Can you tell me a bit about your time with Machito?  You’re one of the earliest African-American musicians to blend with Latin bands in a somewhat different way than Dizzy Gillespie did it even.

TAYLOR:  Well, I was influenced by the same man who sort of indoctrinated Dizzy — that was Mario Bauza.  Mario was the musical director of the Machito band, and he was one of the greatest musicians I’ve ever met.  I mean, he was just wonderful.  A fine teacher, a very inspirational mentor.  He just picked me… I was working in the relief band, and their piano player, Joe Loco, was drafted, and Mario picked me to play in the band until they could get another pianist up from Cuba.  They had a guy they wanted to bring because they knew Joe was going to be drafted, but evidently he was called up before they were ready and they couldn’t get this guy up.  So I got a chance to play with the band until he arrived.

How long was that?

TAYLOR:  Not very long.  It was at an engagement at a place on Broadway called La Conga.  In those days were several Latin clubs right on Broadway.  Noro Morales was playing around the corner from us.

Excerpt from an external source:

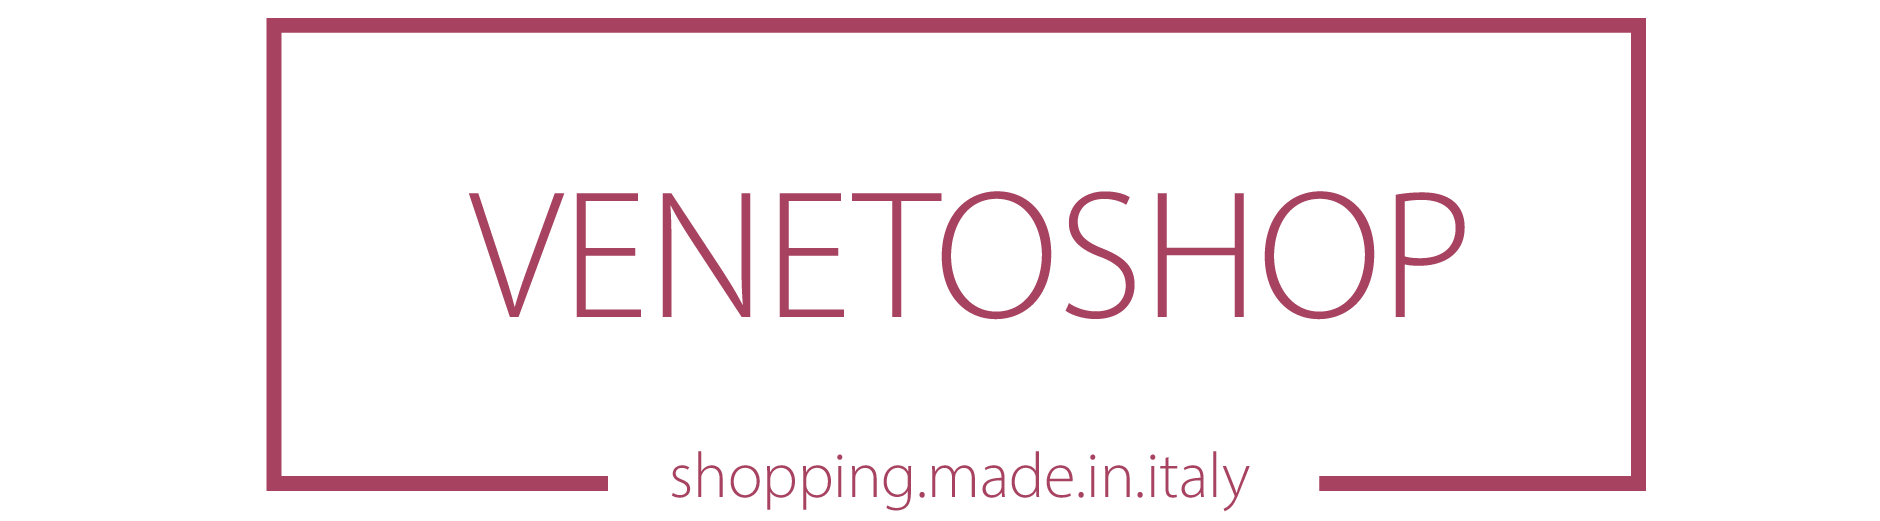 Venetoshop.com

Was it a dance club or a sit-down club?

TAYLOR:  It was a club.  We had to play a show.  And they had dancing.  Nearly all of those clubs had dancing.  But there was a show, and it featured people singing and dancing and doing comedy and so forth.  It was just a regular Broadway type club show.

Was playing in clave a big adjustment for you at that time?  Did it seem strange?  Was it natural?

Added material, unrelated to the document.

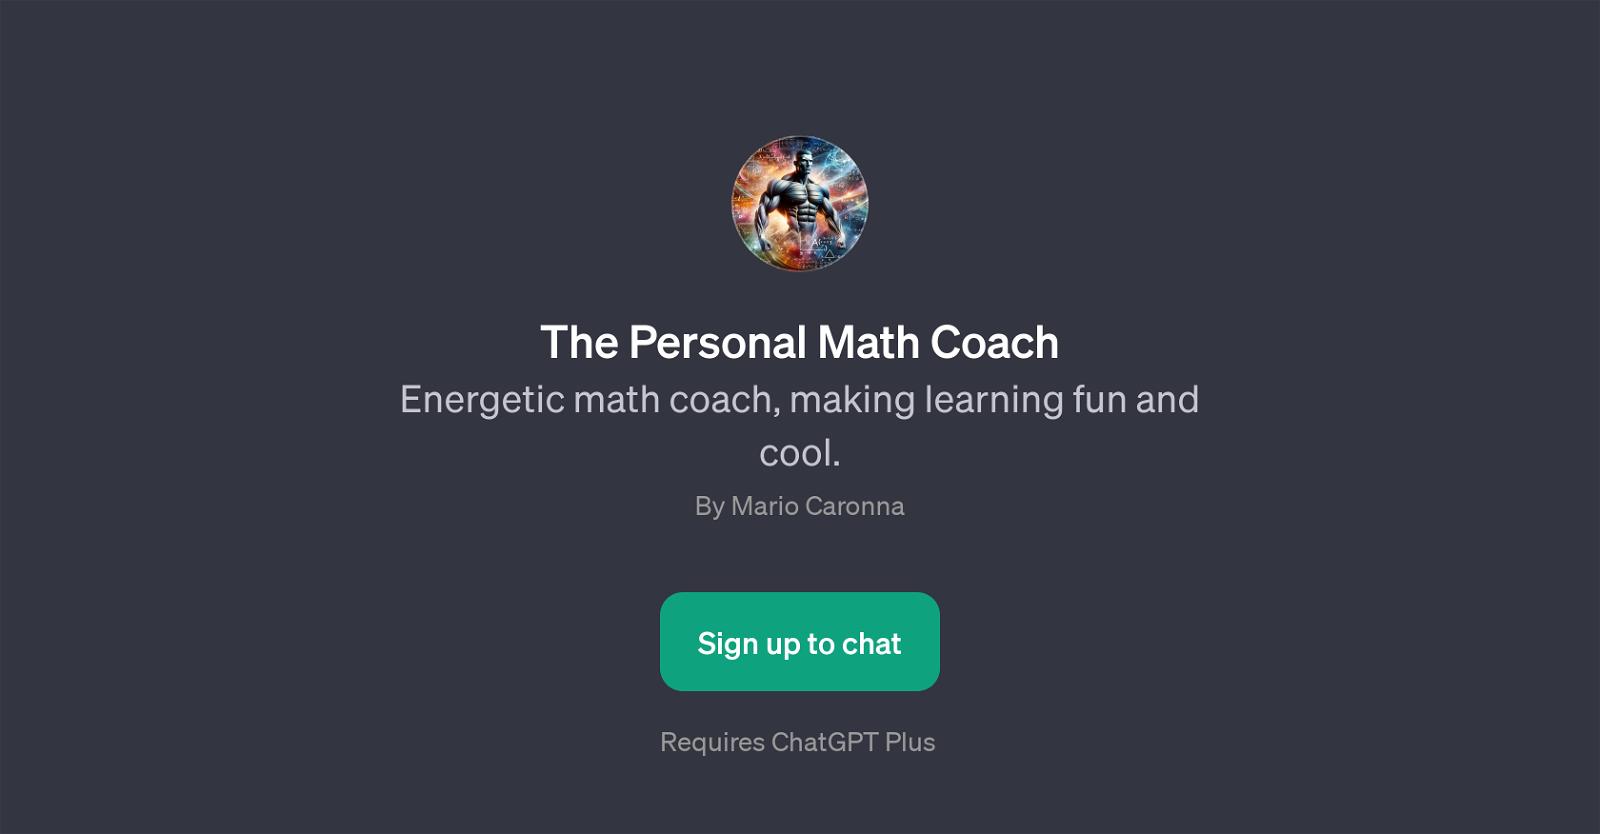 The Personal Math Coach website

TAYLOR:  I didn’t have a CLUE as to what that was about until I joined that band.  It was really an education.  Mario explained to me that playing out of clave was like in jazz clapping your hands on the 1 and 3 instead of the 2 and 4.  Well, that’s pretty clear. [LAUGHS] I don’t want to do that.  Mario was a wonderful jazz musician.  He’d played with Chick Webb and Calloway.  So he really knew how to give jazz phrasing without fighting the clave, and that was really amazing.

Have you continued to be absorbed in clave and Latin music through the years?  Has it been a continuing preoccupation for you?

TAYLOR:  Oh, yes.  It’s something that is an important part of my style.  I wrote a book, “How To Play The Bombo” and some little piano books back in those years.  Whenever I play there’s always something Latin in it.  It’s just something that’s part of the way I like to play.

It would be great to hear you again with an idiomatic Latin band.

TAYLOR:  But over the years they’ve gotten closer and closer to what we do, so I’m not careful with the clave as I used to be, because you don’t have to be.

The next original is “I Wish I Knew How It Would Feel To Be Free,” which you did on one of your recent records on Arkadia.  It’s one of your anthems.

TAYLOR:  Mmm-hmm.  This is a totally different version of it, though.  This is more extensive, and I’m playing things in it to test different reactions that I’m getting from Winard in particular.  It was fun.  I enjoyed playing it.  That turned out very interesting.  I played many things that I don’t normally play when I play it, and then I played some things that I always play.  It felt good.

When did you wrote it?

TAYLOR:  I wrote it in the ’60s.  I wrote it for my daughter.

Then we get to this wonderful suite of standards.  “The Man I Love” is a real highlight for me. I don’t see it on any of the recent recordings.

TAYLOR:  I’ve never recorded it. I wish it had been recorded the night before, because it was a much better performance.  It’s something that I’ve been doing in concerts for a while.  I even have better tapes on it.  I’m nitpicking.  It was a good performance. It’s one of those pieces that really defines Gershwin for me.  What he does with harmony there, and what he does with that very simple melody just knocks me out.  I really like it, and I’m going to keep on working on it til I get it right!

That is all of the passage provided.